Image: https://greendayonline.com/wp-content/uploads/2017/03/Recovering-From-Student-Loan-Default.jpg

#### The Credit Card Default Dataset 

We will try to predict the probability of defaulting on a credit card account at a Taiwanese bank. A credit card default happens when a customer fails to pay the minimum due on a credit card bill for more than 6 months. 

We will use a dataset from a Taiwanese bank with 30,000 observations (Source: *Yeh, I. C., & Lien, C. H. (2009). The comparisons of data mining techniques for the predictive accuracy of probability of default of credit card clients. Expert Systems with Applications, 36(2), 2473-2480.*). Each observation represents an account at the bank at the end of October 2005.  We renamed the variable default_payment_next_month to customer_default. The target variable to predict is `customer_default` -- i.e., whether the customer will default in the following month (1 = Yes or 0 = No). The dataset also includes 23 other explanatory features. 

Variables are defined as follows:

| Feature name     | Variable Type | Description 
|------------------|---------------|--------------------------------------------------------
| customer_default | Binary        | 1 = default in following month; 0 = no default 
| LIMIT_BAL        | Continuous    | Credit limit   
| SEX              | Categorical   | 1 = male; 2 = female
| EDUCATION        | Categorical   | 1 = graduate school; 2 = university; 3 = high school; 4 = others
| MARRIAGE         | Categorical   | 0 = unknown; 1 = married; 2 = single; 3 = others
| AGE              | Continuous    | Age in years  
| PAY1             | Categorical   | Repayment status in September, 2005 
| PAY2             | Categorical   | Repayment status in August, 2005 
| PAY3             | Categorical   | Repayment status in July, 2005 
| PAY4             | Categorical   | Repayment status in June, 2005 
| PAY5             | Categorical   | Repayment status in May, 2005 
| PAY6             | Categorical   | Repayment status in April, 2005 
| BILL_AMT1        | Continuous    | Balance in September, 2005  
| BILL_AMT2        | Continuous    | Balance in August, 2005  
| BILL_AMT3        | Continuous    | Balance in July, 2005  
| BILL_AMT4        | Continuous    | Balance in June, 2005 
| BILL_AMT5        | Continuous    | Balance in May, 2005  
| BILL_AMT6        | Continuous    | Balance in April, 2005  
| PAY_AMT1         | Continuous    | Amount paid in September, 2005
| PAY_AMT2         | Continuous    | Amount paid in August, 2005
| PAY_AMT3         | Continuous    | Amount paid in July, 2005
| PAY_AMT4         | Continuous    | Amount paid in June, 2005
| PAY_AMT5         | Continuous    | Amount paid in May, 2005
| PAY_AMT6         | Continuous    | Amount paid in April, 2005

The measurement scale for repayment status is:   

    -2 = payment two months in advance   
    -1 = payment one month in advance   
    0 = pay duly   
    1 = payment delay for one month   
    2 = payment delay for two months   
    3 = payment delay for three months   
    4 = payment delay for four months   
    5 = payment delay for five months   
    6 = payment delay for six months   
    7 = payment delay for seven months   
    8 = payment delay for eight months   
    9 = payment delay for nine months or more  

-------

## **Part 0**: Setup

Put all import statements, constants and helper functions at the top of your notebook.

### Imports

It is a good idea to put all of your import statements up at the top of a project in one location.
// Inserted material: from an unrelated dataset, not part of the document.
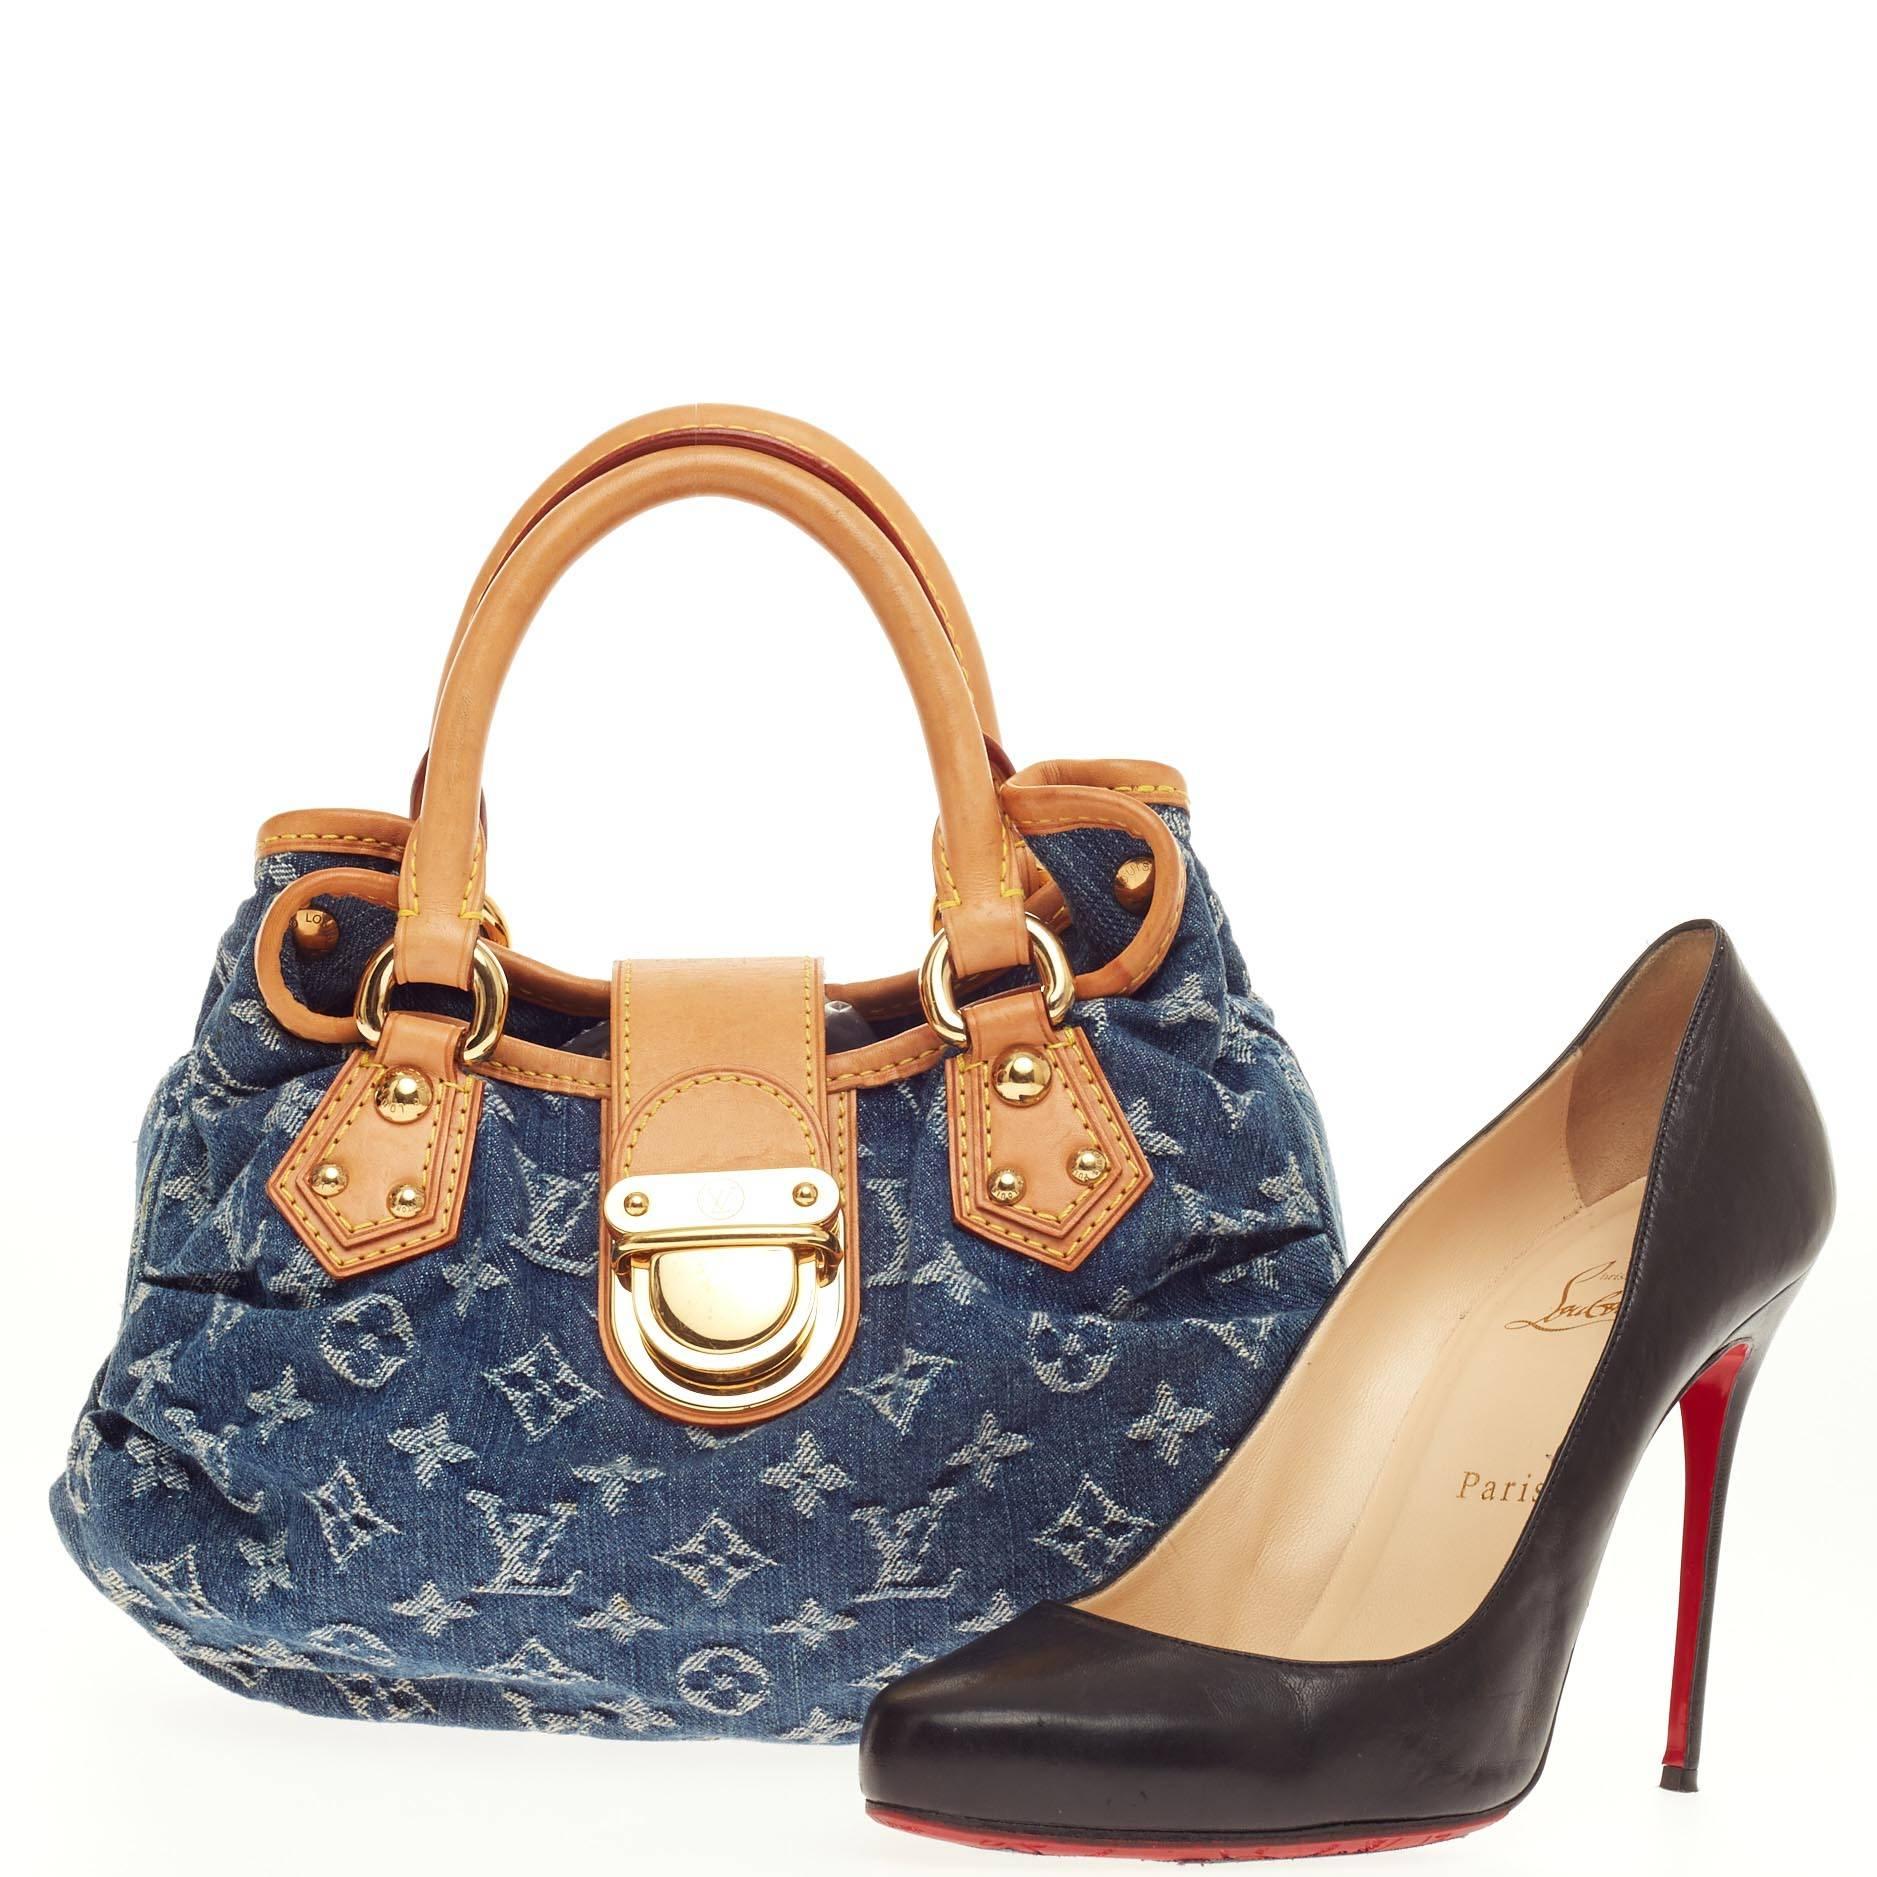 This authentic Louis Vuitton Pleaty Denim Mini showcases a fun twist to the classic monogram design. Crafted from stonewashed blue monogram denim, this small hobo features dual-rolled vachetta leather handles, vachetta leather trims with yellow

You then can quickly see all of the requirements needed to run the project.

In [None]:
# Standard imports
import numpy  as np
import pandas as pd
import tensorflow as tf
from tensorflow import keras

import itertools
import pandas_profiling

# Plotting
import matplotlib.pyplot as plt
from matplotlib.colors import ListedColormap
%matplotlib inline  
import seaborn as sns
sns.set(style="white")

# scikit-learn
from sklearn.dummy        import DummyClassifier
from sklearn.linear_model import LogisticRegression
from sklearn.neighbors    import KNeighborsClassifier
from sklearn.tree         import DecisionTreeClassifier, plot_tree
from sklearn.ensemble     import RandomForestClassifier
from sklearn.ensemble     import GradientBoostingClassifier

# Supporting functions from scikit-learn
from sklearn.metrics import confusion_matrix
from sklearn.metrics import roc_curve
from sklearn.metrics import roc_auc_score
from sklearn.pipeline import Pipeline
from sklearn.preprocessing import StandardScaler
from sklearn.model_selection import train_test_split
from sklearn.tree import export_graphviz
from graphviz import Source
from sklearn.decomposition import PCA

# ignore some warnings 
import warnings
warnings.filterwarnings('ignore')

### Constants

It is a good idea to move as many of the constant values used in your project as possible, up to the top and to give then variable names ALL_IN_CAPS so you can quickly identify constant values.

In [None]:
# Set a seed for replication
SEED = 1

### Custom Functions

We will also define a few "helper functions" to automate repetitive tasks that we will perform below.

In [None]:
def plot_confusion_matrix(cm, classes=[0,1], normalize=False, title='Confusion Matrix', cmap=plt.cm.Reds):
    """ 
    Function to plot a sklearn confusion matrix, showing number of cases per prediction condition 
    
    Args:
        cm         an sklearn confusion matrix
        classes    levels of the class being predicted; default to binary outcome
        normalize  apply normalization by setting `normalize=True`
        title      title for the plot
        cmap       color map
    """
    plt.imshow(cm, aspect='auto', interpolation='nearest', cmap=cmap)
    plt.title(title)
    plt.colorbar()
    plt.locator_params(nbins=2)
    if normalize:
        cm = cm.astype('float') / cm.sum(axis=1)[:, np.newaxis]
    thresh = cm.max() / 2.
    # add FP, TP, FN, TN counts
    for i, j in itertools.product(range(cm.shape[0]), range(cm.shape[1])):
        plt.text(j, i, round (cm[i, j],2), horizontalalignment="center",
                 color="white" if cm[i, j] > thresh else "black")
    plt.tight_layout()
    plt.ylabel('Actual label')
    plt.xlabel('Predicted label')

In [None]:
def plot_roc(fpr, tpr, title='ROC Curve', note=''):
    """
    Function to plot an ROC curve in a consistent way.
    
    Args:
        fpr        False Positive Rate (list of multiple points)
        tpr        True Positive Rate (list of multiple points)
        title      Title above the plot
        note       Note to display in the bottom-right of the plot
    """
    plt.figure(1)
    plt.plot([0, 1], [0, 1], 'k--')
    plt.plot(fpr, tpr)
    plt.xlabel('False positive rate')
    plt.ylabel('True positive rate')
    plt.title(title)
    if note: plt.text(0.6, 0.2, note)
    plt.show()

In [None]:
def print_feature_importance(tree_model, feature_names):
    """
    Function to print a list of features from an sklearn tree model (ranked by importance of the feature)
    
    Args:
        tree_model       A sklearn DecisionTreeClassifier()
        feature_names    A list of features used by the DecisionTreeClassifier
    """
    print('Feature'.center(12), '   ',  'Importance')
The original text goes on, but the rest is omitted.